Reported slow response times and increased error rates

Incident Report for Buildkite

Postmortem

Overview

On Thursday, 14th March 2019 from around 4:00am AEDT Buildkite experienced performance degradation which led to a partial outage. Engineers were paged at 4:32am AEDT by the high load to investigate and intervened to manage performance. Between 5:00am-7:15am AEDT, job dispatch became slow and the Agent API experienced high error rates leading to erroneous build failures. Performance returned to normal by 8:30am AEDT.

Root Cause

Before the outage there were an unusually high number of queries that were generating excessive temporary files on the disk of our main transactional database. This temp file activity caused significant write latency and slowed regular database traffic down - including scheduling jobs to agents. Some large customers' automatic agent scaling systems interpreted the reduced job throughput as a lack of capacity on their end, which meant their systems massively scaled out the number of agents, in turn slowing down Buildkite even further. We later determined that the high number of temp files also interfered with the write-ahead log and checkpointing activities which became a choke point for write activities.

What We’re Doing

1. We've added monitoring to identify increases in temp file usage and checkpoint latency.

2. We’ve adjusted our database configuration settings to increase the capacity of our write-ahead log and checkpoint less frequently even under high load.

3. We’re optimizing the queries that generated the large volume of temporary files.

4. We’re continuing works to optimize our write load for regular activity to prevent these issues generally.

5. We’re engaging with affected customers to discuss ways we can offer better autoscaling metrics.

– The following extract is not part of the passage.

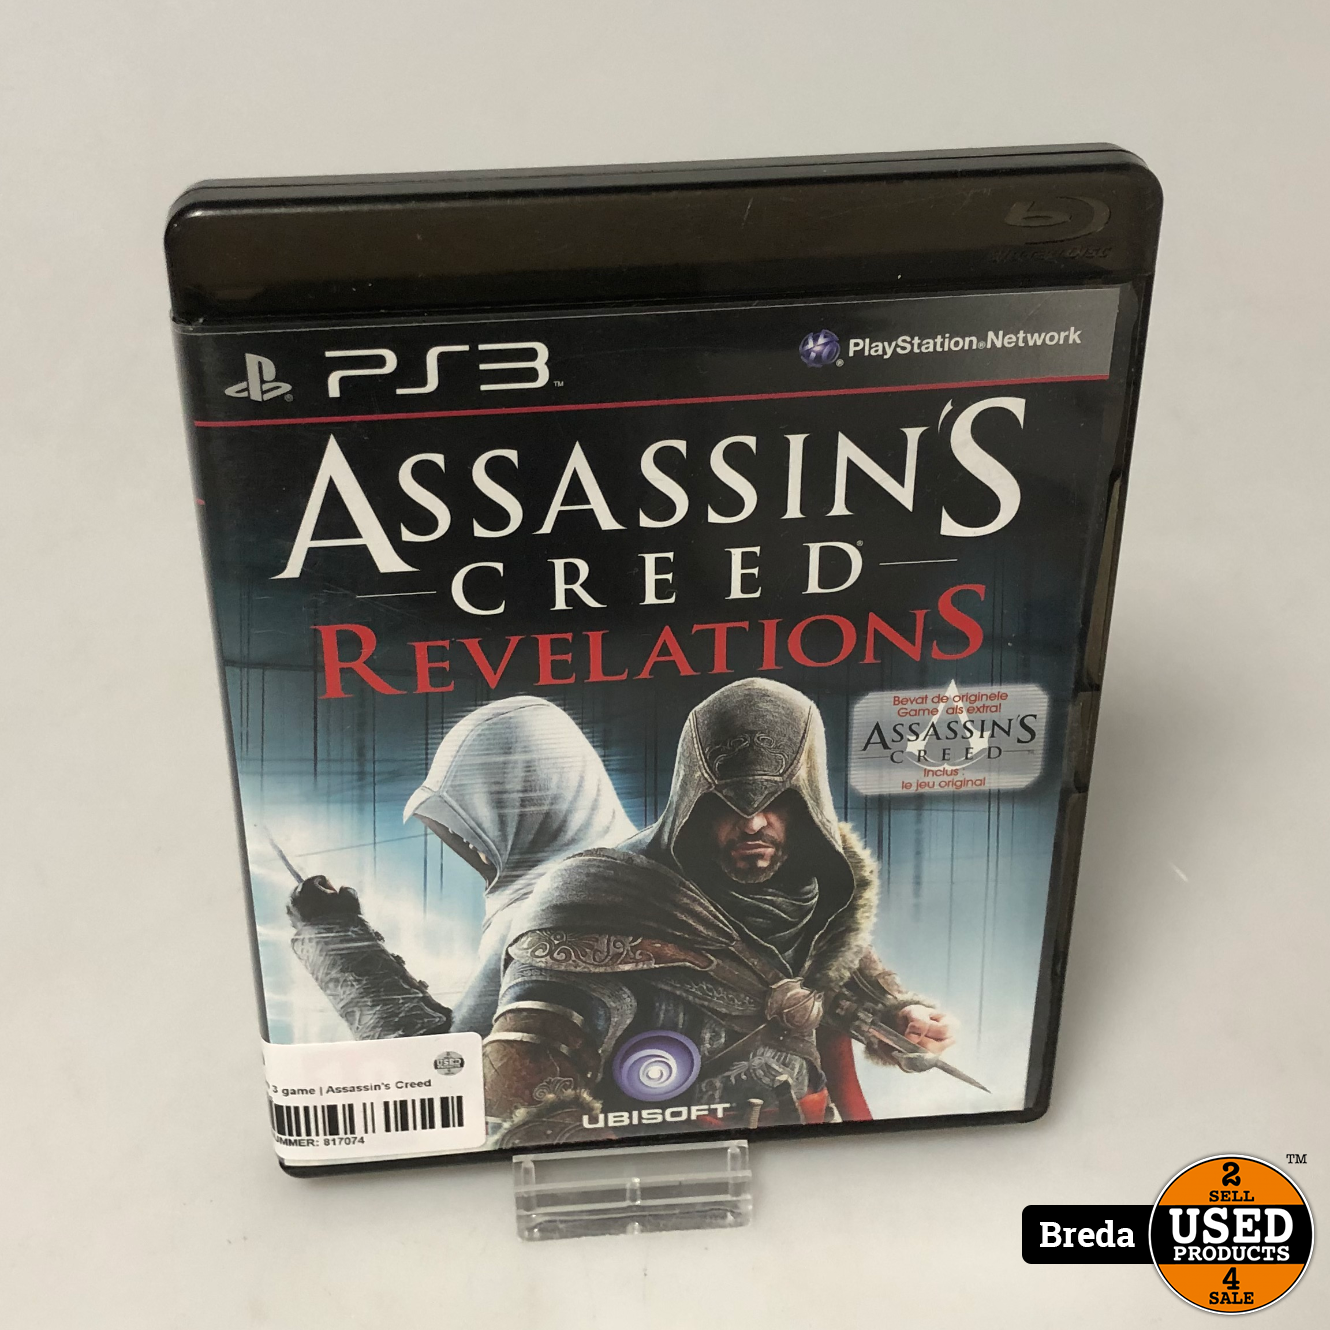 3 game | Assassin's Creed Revelations - Used Products Breda

6. We’re continuing our review of Postgres usage patterns and parameter settings, including a third party expert review.

Posted Mar 19, 2019 - 03:40 UTC

Resolved

The database performance incident is resolved, we'll follow up with a post-mortem.

Posted Mar 13, 2019 - 22:00 UTC

Monitoring

We've identified and fixed the issue causing database load, latency issues should be returning to normal on all fronts.

Posted Mar 13, 2019 - 21:12 UTC

Update

We're continuing to investigate the issue that is causing degraded performance.

Posted Mar 13, 2019 - 20:40 UTC

Identified

We’ve identified some performance problems with our main transactional database that’s causing slow load times for dashboard requests and some API calls to timeout. We’re working on addressing the issues now.

Posted Mar 13, 2019 - 18:58 UTC

This incident affected: Web, Agent API, and REST API.